Ломоносов уразумев смешное в Польском одеянии наших стихов, снял с них несродное им полукафтанье. Подав хорошие примеры новых стихов, надел на последователей своих узду великаго примера, и никто доселе отшатнуться от него недерзнул. По нещастию случилося, что Сумароков в то же время был; и был отменной стихотворец. Он употреблял стихи по примеру Ломоносова, и ныне все в след за ними, невоображают, что бы другие стихи быть могли, как Ямбы, как [351] такие, какими писали сии оба знаменитые мужи. Хотя оба сии стихотворцы преподавали правила других стихосложений, а Сумароков и во всех родах оставил примеры, но они столь маловажны, что ни от кого подражания незаслужили. Если бы Ломоносов преложил Иова, или псалмопевца Дактилями или если бы Сумароков, Семиру или Дмитрия написал Хореями, то и Херасков вздумал бы, что можно писать другими стихами опричь Ямбов, и более бы славы в осмилетнем своем приобрел труде, описав взятие Казани, свойственным Епопеи стихосложением. Недивлюсь, что древней треух на Виргилия надет Ломоносовским покроем; но желал бы я, чтобы Омир между нами не в Ямбах явился, но в стихах, подобных его, Ексаметрах, и Костров хотя не стихотворец а переводчик, сделал бы Епоху в нашем стихосложении [352] ускорив шествие самой Поезии целым поколением.

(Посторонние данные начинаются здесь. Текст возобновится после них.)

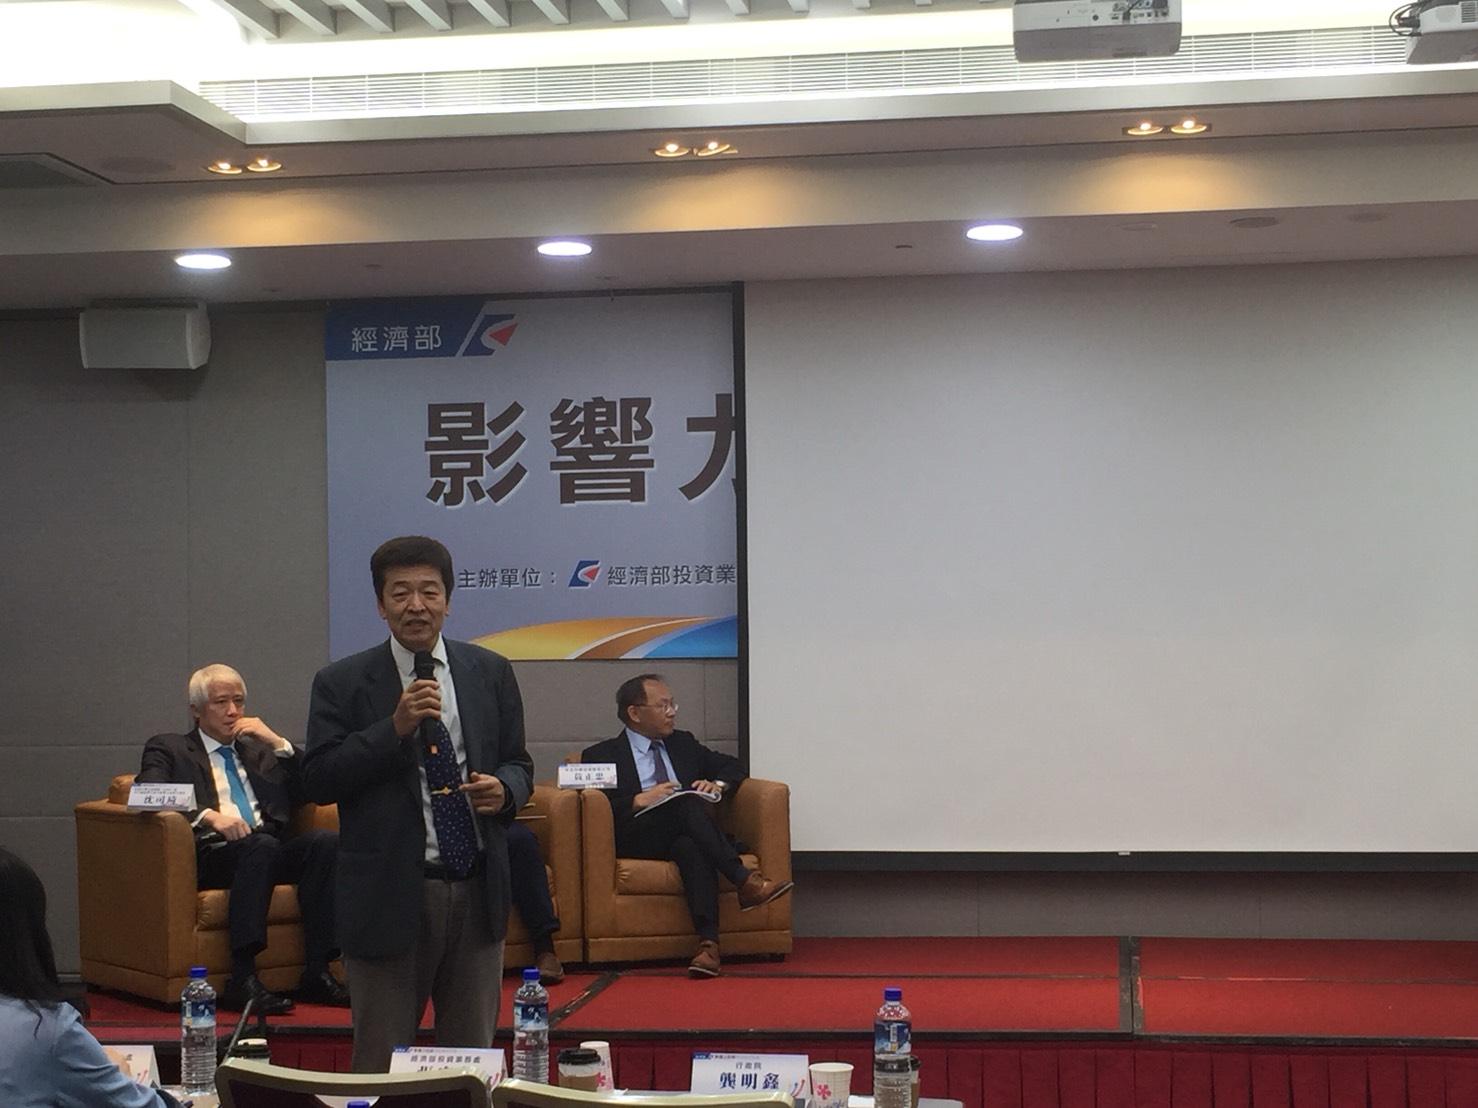 經濟部投資業務處攜手永續基金會舉辦 「影響力投資與商機」研討會 | 財團法人臺灣永續能源研究基金會

Но не одни Ломоносов и Сумароков, остановили Российское стихосложение. Неутомимой возовик Тредиаковский, немало к тому способствовал своею Телемахидою. Теперь дать пример новаго стихосложения очень трудно, ибо примеры в добром и худом стихосложении, глубокий
пустили корень. Парнасс окружен Ямбами, и Рифмы стоят везде на карауле. Кто бы ни задумал писать Дактилями, тому тот час Тредияковскаго приставят дядькою, и прекраснейшее дитя долго казаться будет уродом, доколе неродится Мильтона, Шекеспира или Вольтера. Тогда и Тредияковскаго выроют из порозшей мхом забвения могилы, в Телемахиде найдутся добрые стихи, и будут в пример поставляемы.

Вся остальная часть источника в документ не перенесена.